= T. J. Collins =

American architect

Thomas Jasper Collins (August 2, 1844 - October 6, 1925), commonly known as T. J. Collins, was an American architect. He served in the Union Army during the American Civil War and later became an architect, practicing first in Washington, D.C., before moving to Staunton, Virginia in 1890. His firm became T. J. Collins & Sons which continued to operate in the 1990s under the management of Collins' grandson. He is credited with the design of numerous courthouses in Virginia and over 200 buildings in Staunton from 1891 to 1911. T.J. Collins retired in 1911; the firm was then run by his sons William and Samuel Collins.

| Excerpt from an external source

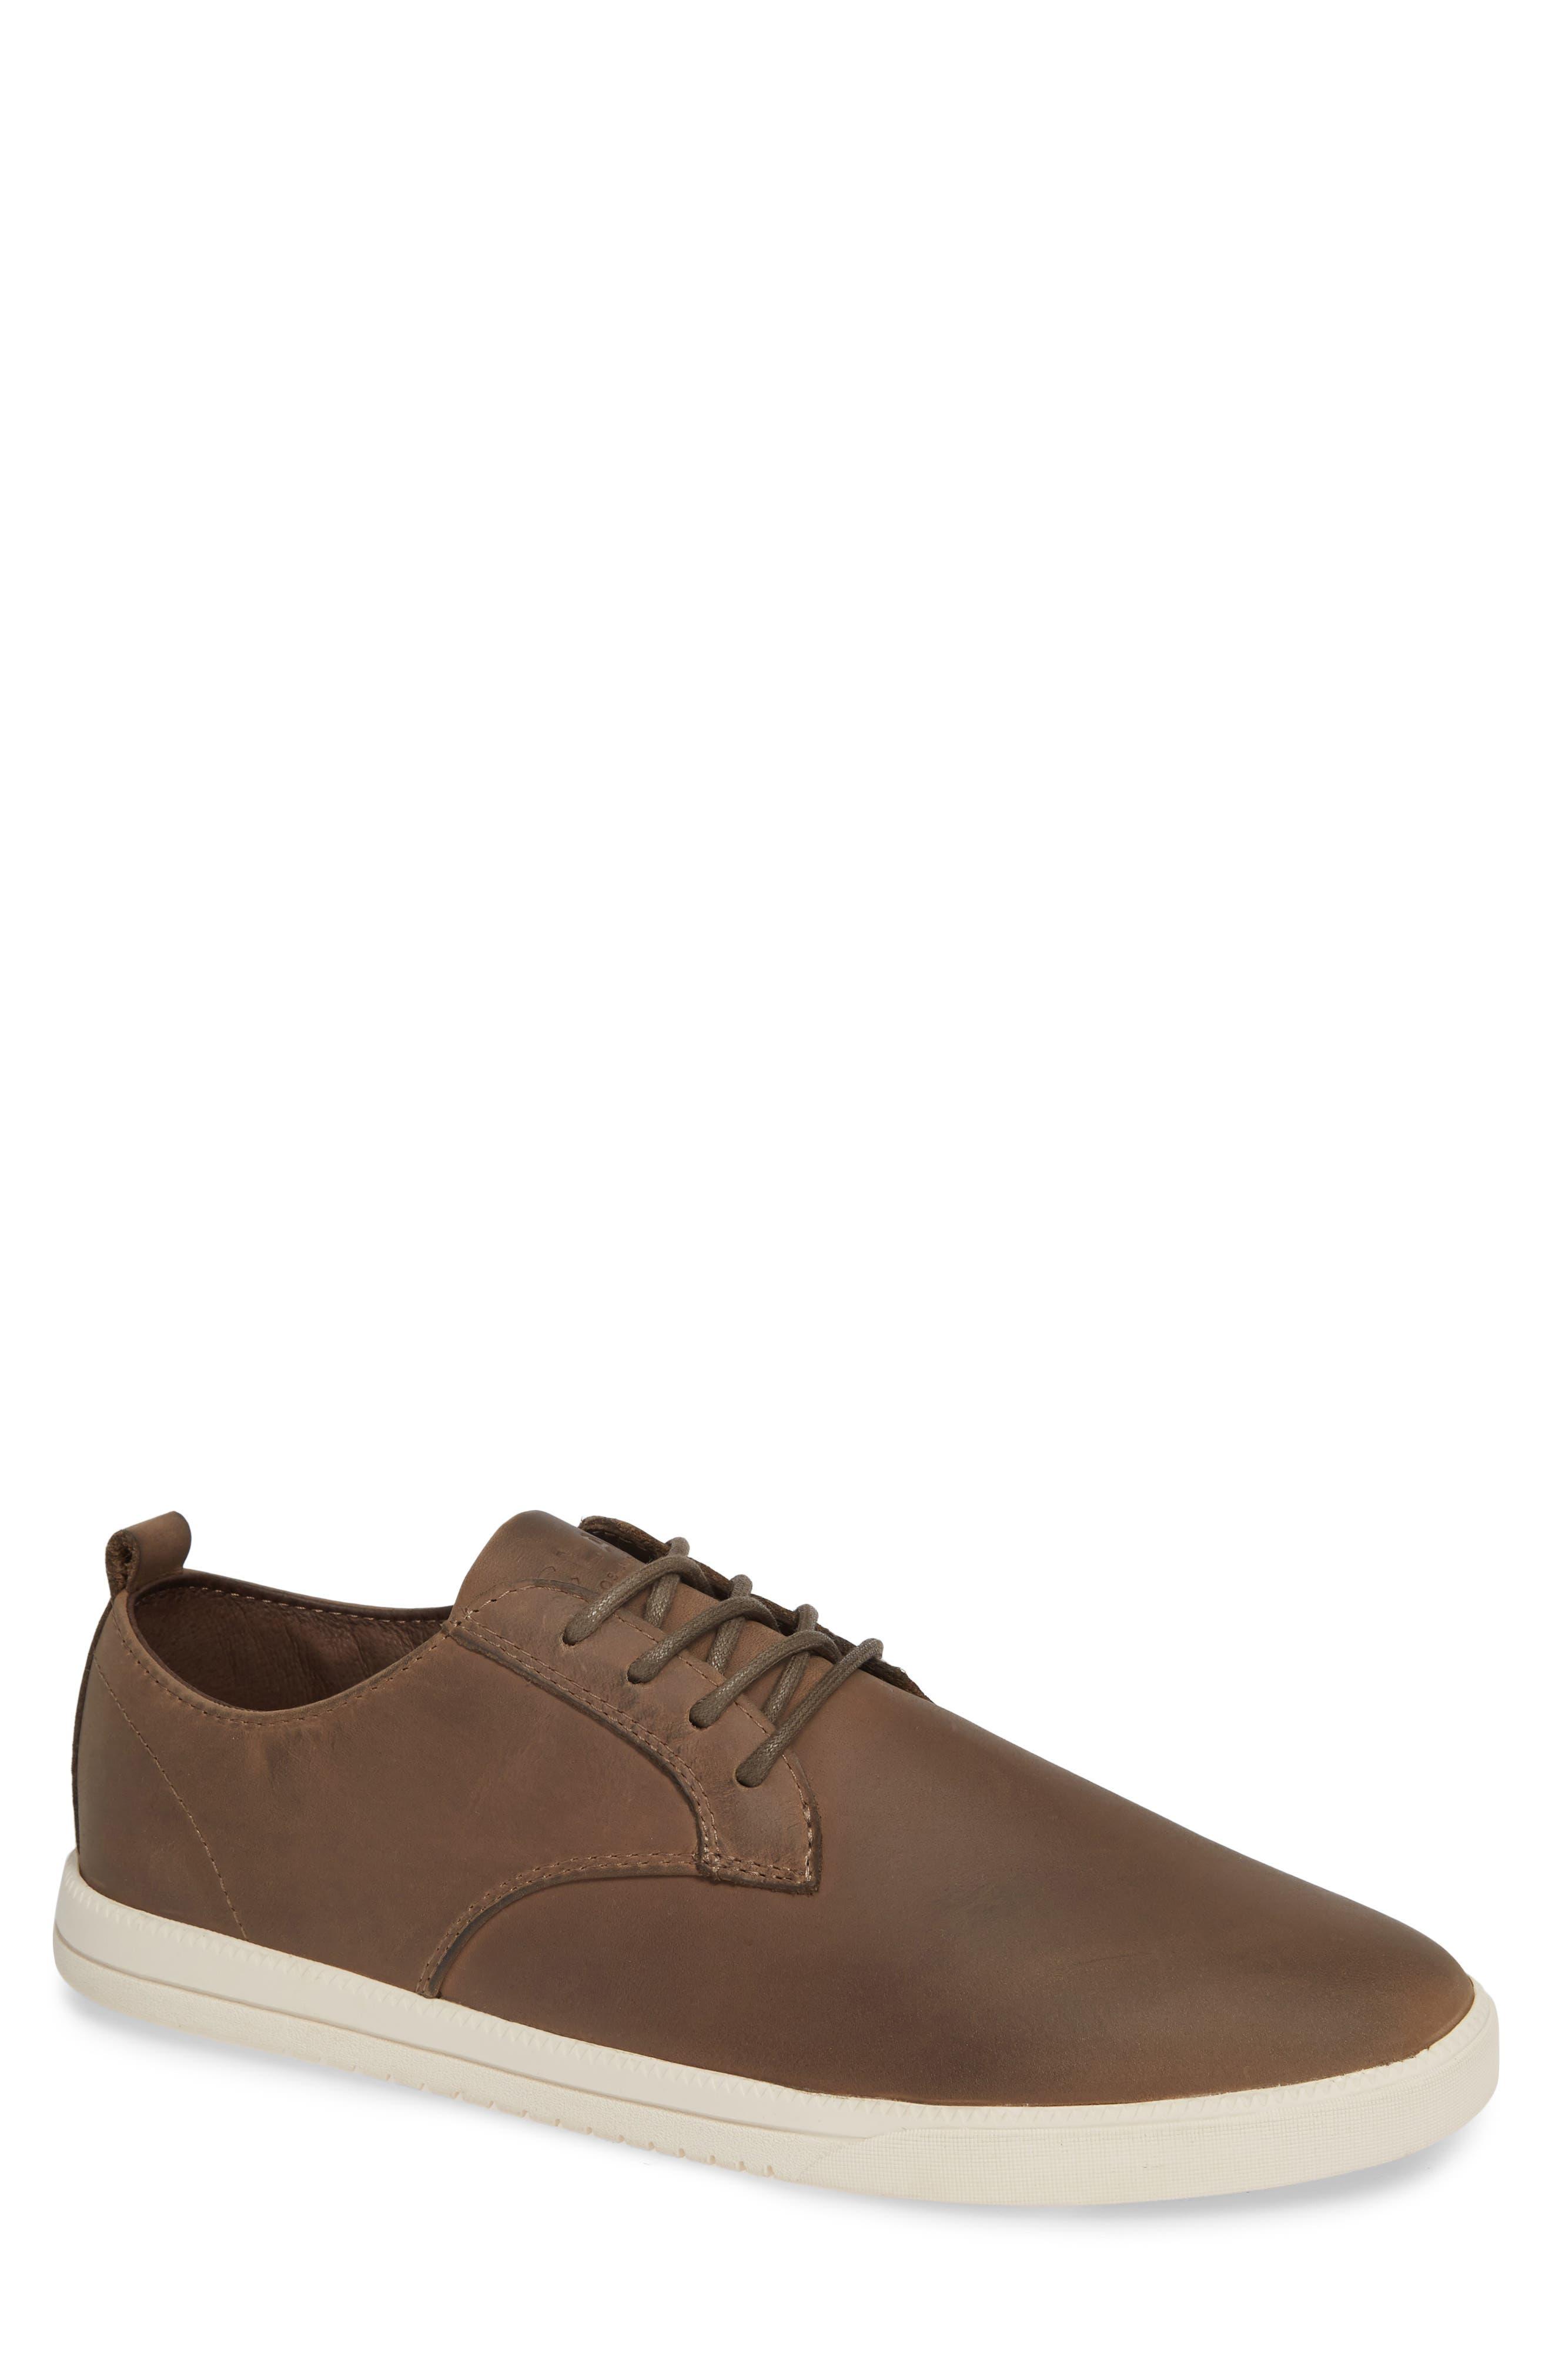 'Ellington' Sneaker,                         Main,                         color, COFFEE FULL GRAIN LEATHER

A number of Collins' and the firm's works are listed on the National Register of Historic Places.

Works include:
- Augusta County Courthouse, 1 E. Johnson St., Staunton, Virginia (Collins, T. J.), NRHP-listed
- Augusta Military Academy, N of Staunton on U.S. 11, Fort Defiance, Virginia (Collins, T. J.), NRHP-listed
- 1921 expansion of Augusta Stone Church, N of Staunton on U.S. 11, Fort Defiance, Virginia (Collins, T. J.), NRHP-listed
- Bath County Courthouse, built 1913–14, across the road to the north of Oakley Farm
- Beverley Historic District, U.S. 250 and VA 254, Staunton, Virginia (Collins, T. J.), NRHP-listed
- Breezy Hill, 1220 N. Augusta St., Staunton, Virginia (Collins, T. J.), NRHP-listed
- Cobble Hill Farm, 101 Woodlee Rd., Staunton, Virginia (Collins, T. J. and Sons), NRHP-listed
- Fishburne Military School, 225 S. Wayne Ave., Waynesboro, Virginia (Collins, T. J., & Sons), NRHP-listed
- Gospel Hill Historic District, Roughly bounded by E. Beverly, N. Market, E. Frederick and Kalorama Sts., Staunton, Virginia (Collins, T. J. & Son), NRHP-listed
- Arista Hoge House, 215 Kalorama St., Staunton, Virginia (Collins & Hackett), NRHP-listed
- Kable House, 310 Prospect St., Staunton, Virginia (Collins, T. J. & Son), NRHP-listed
- C. W. Miller House, 210 N. New St., Staunton, Virginia (Collins, T. J.), NRHP-listed
- National Valley Bank, 12-14 W. Beverly St., Staunton, Virginia (Collins, T. J. & Son), NRHP-listed
- Oakley Farm, 1921-22 remodelling to Colonial Revival style, 11865 Sam Snead Highway (US 220) Warm Springs, Virginia (Collins, T. J. & Sons), NRHP-listed
- Rockingham County Courthouse, Courthouse Square Harrisonburg, Virginia (Collins, T. J.), NRHP-listed
- Staunton station of the Chesapeake and Ohio Railway, Middlebrook Avenue, Staunton, Virginia.